──────── Listed entries
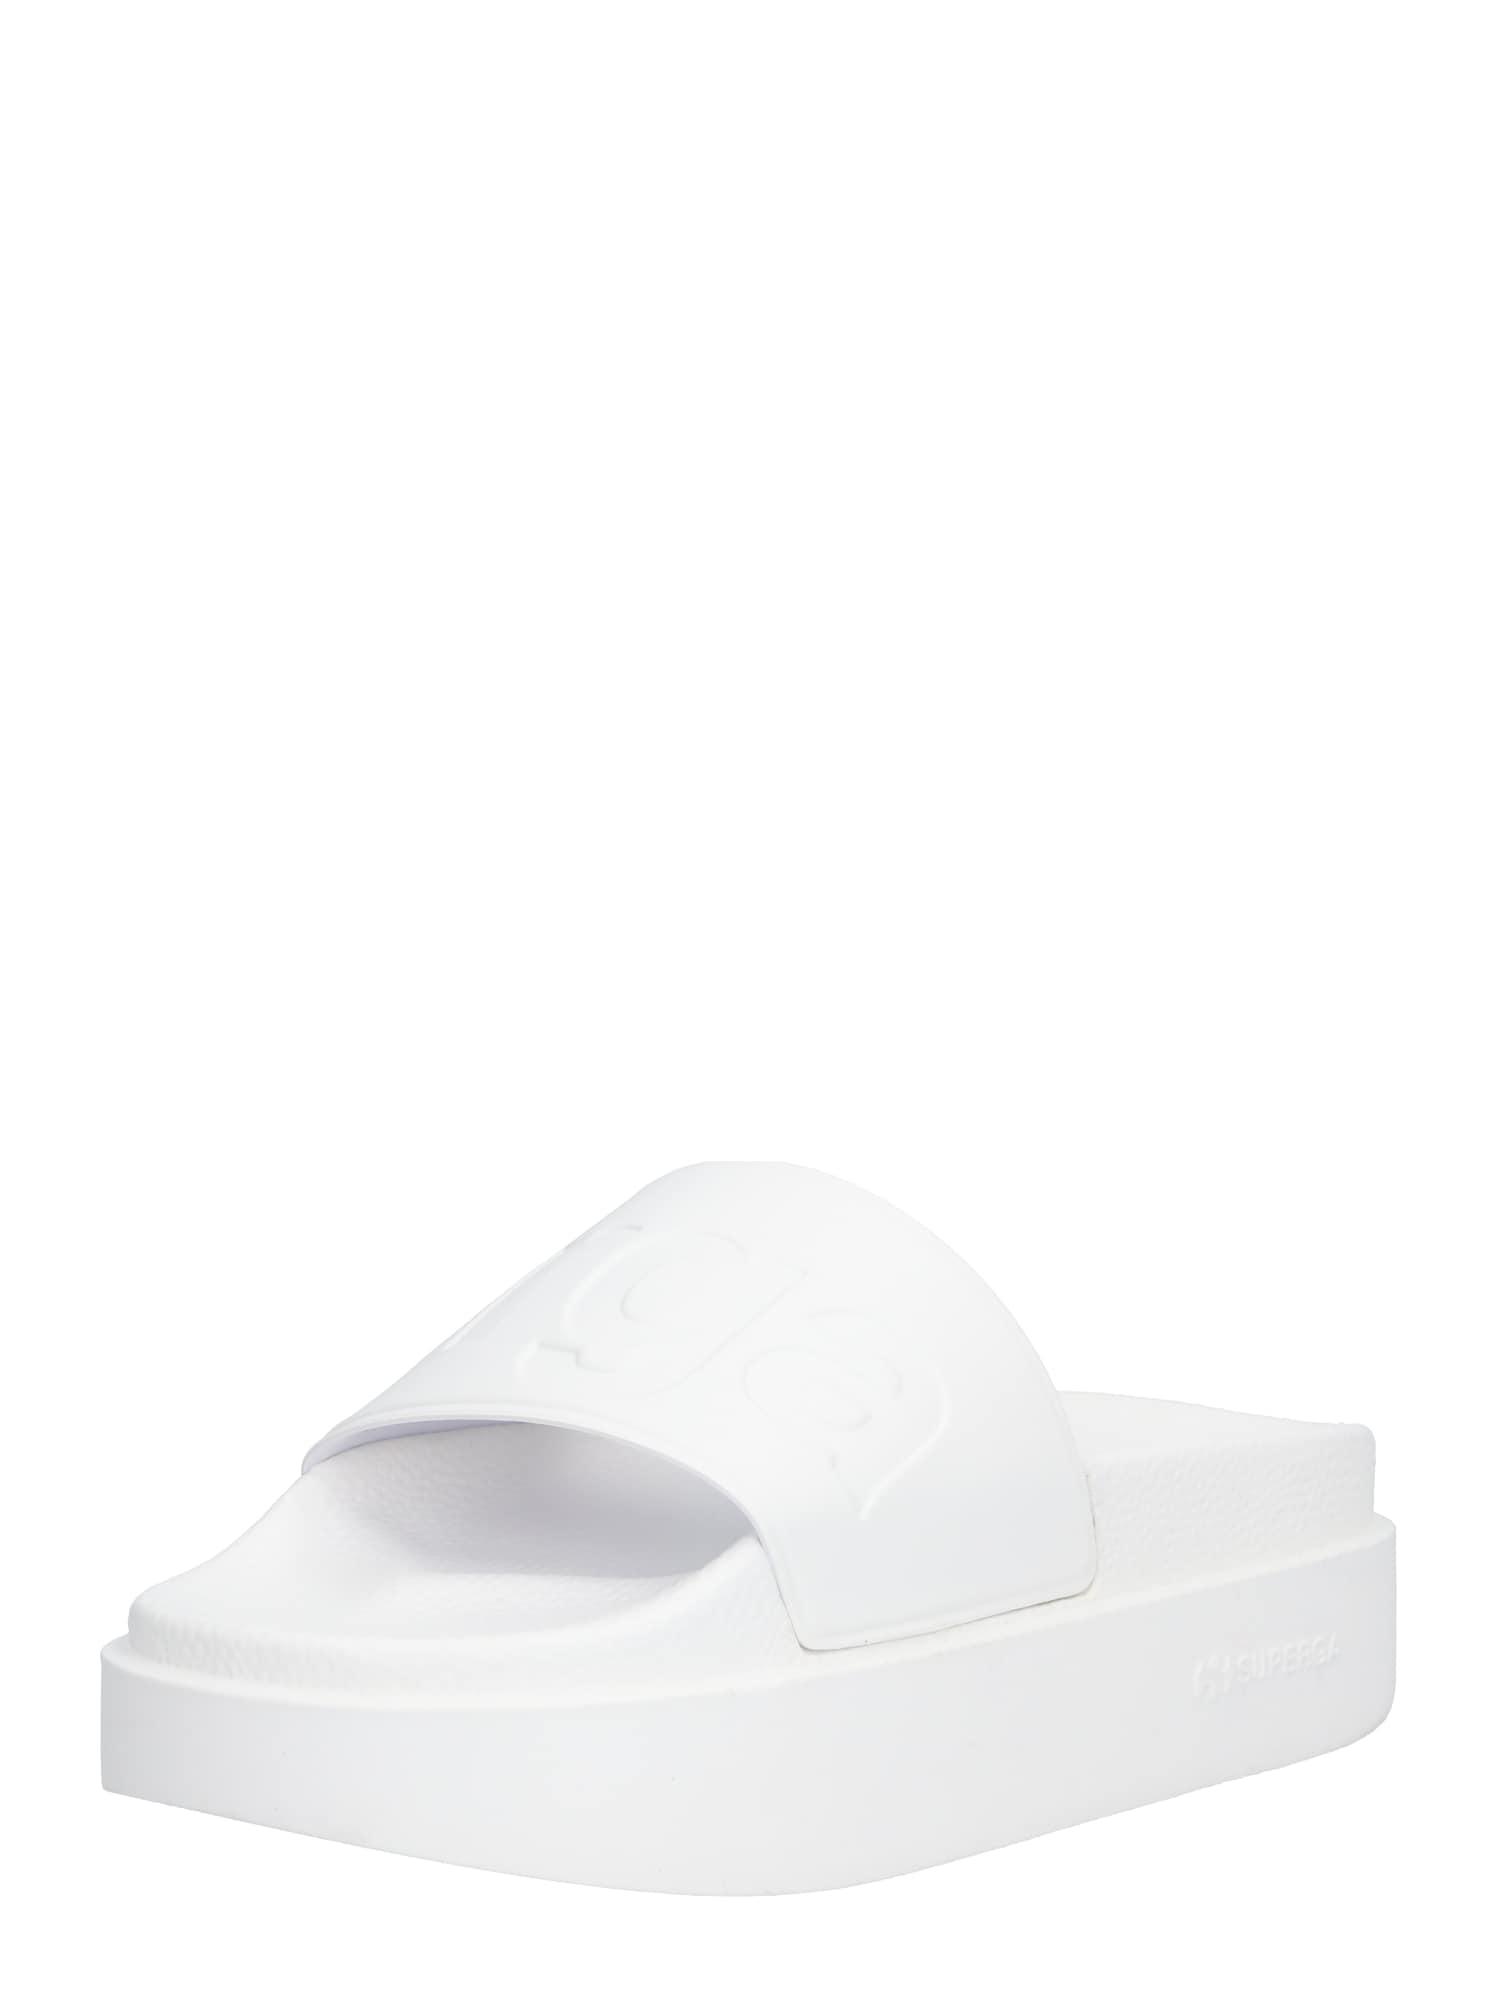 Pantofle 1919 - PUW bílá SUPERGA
────────────────
──────── Listed entries
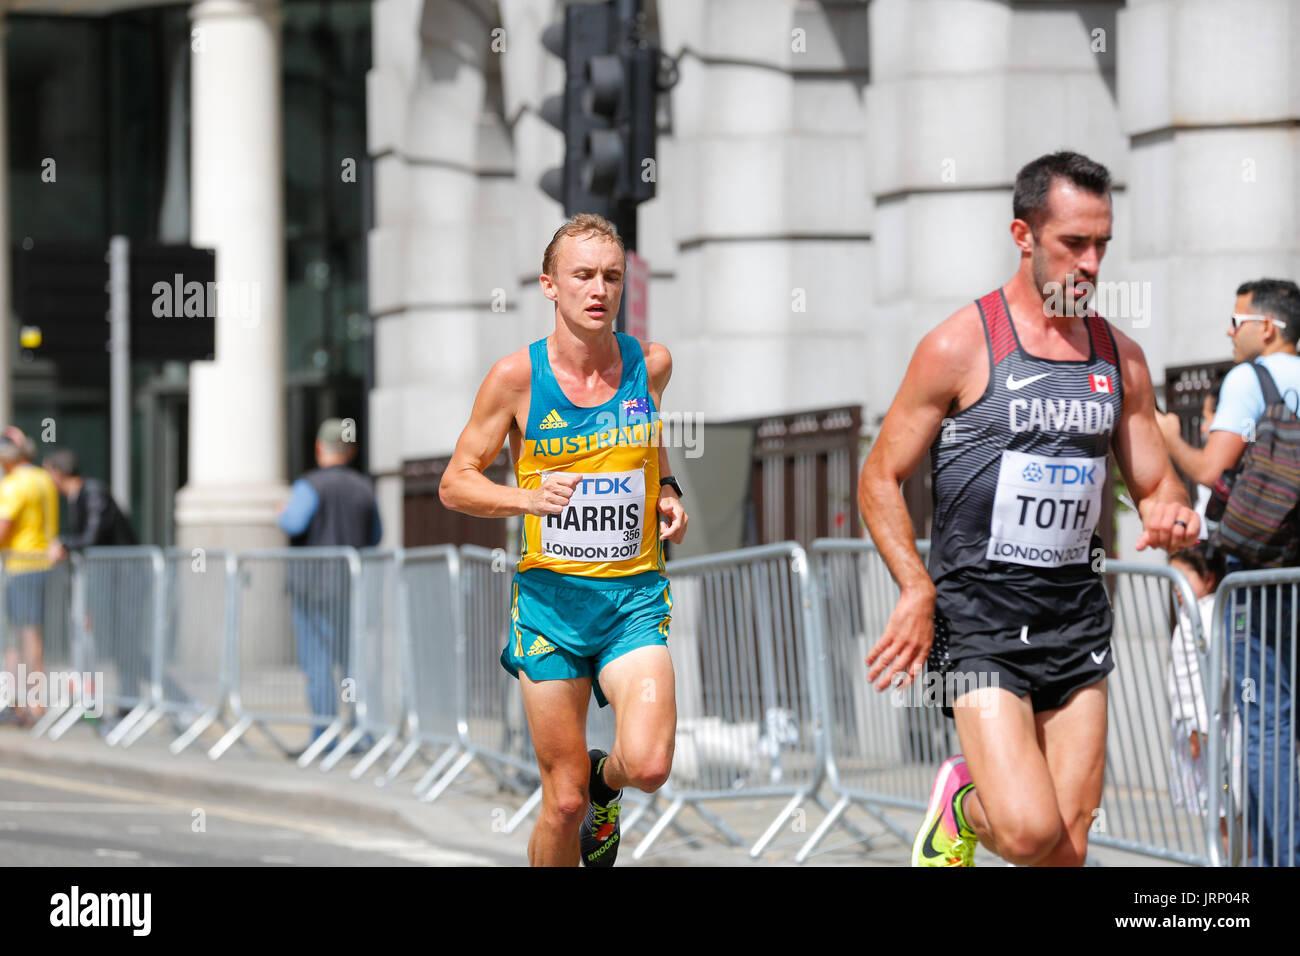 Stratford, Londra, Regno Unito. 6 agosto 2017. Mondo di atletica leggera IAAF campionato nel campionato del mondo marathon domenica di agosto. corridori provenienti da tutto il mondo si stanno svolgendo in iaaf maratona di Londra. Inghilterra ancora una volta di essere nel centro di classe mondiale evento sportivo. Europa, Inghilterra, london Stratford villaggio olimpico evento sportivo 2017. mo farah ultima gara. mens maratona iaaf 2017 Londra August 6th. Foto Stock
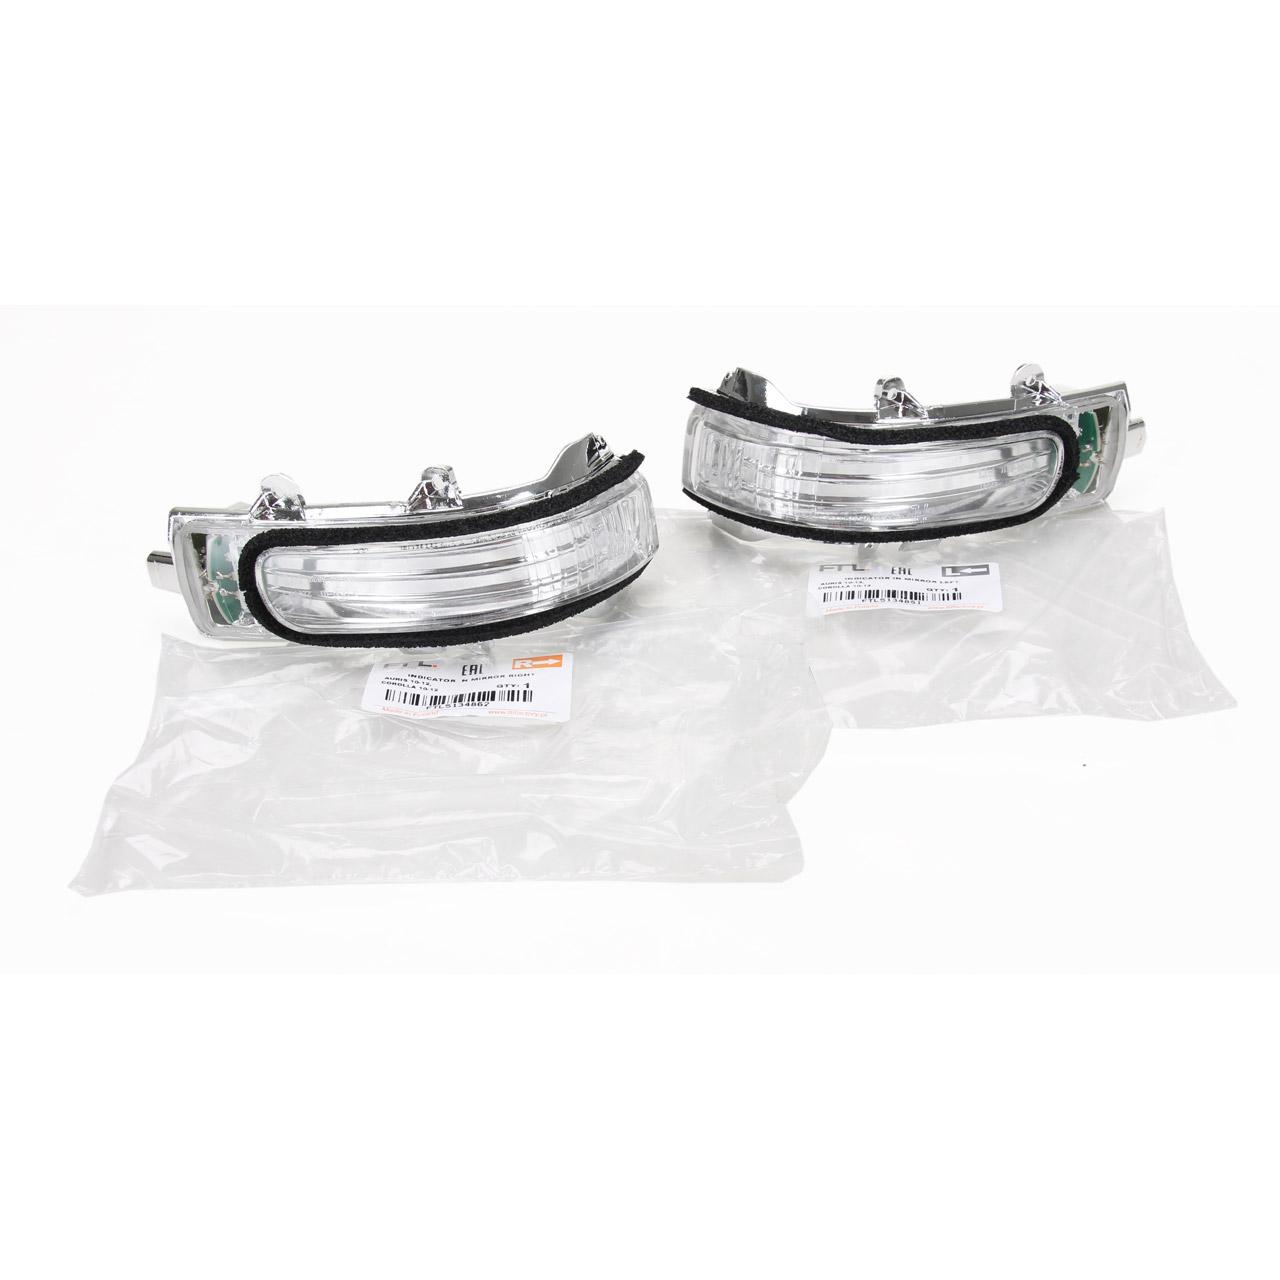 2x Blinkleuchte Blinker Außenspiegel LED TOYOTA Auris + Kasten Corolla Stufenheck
────────────────
- **Problem to work on**:
Set down exactly the lines above, from the line containing "Stratford, Londra, Regno" through the line containing "2x Blinkleuchte Blinker". Skip the pictures.

- **Exercise response**:
 Stratford, Londra, Regno Unito. 6 agosto 2017. Mondo di atletica leggera IAAF campionato nel campionato del mondo marathon domenica di agosto. corridori provenienti da tutto il mondo si stanno svolgendo in iaaf maratona di Londra. Inghilterra ancora una volta di essere nel centro di classe mondiale evento sportivo. Europa, Inghilterra, london Stratford villaggio olimpico evento sportivo 2017. mo farah ultima gara. mens maratona iaaf 2017 Londra August 6th. Foto Stock
 2x Blinkleuchte Blinker Außenspiegel LED TOYOTA Auris + Kasten Corolla Stufenheck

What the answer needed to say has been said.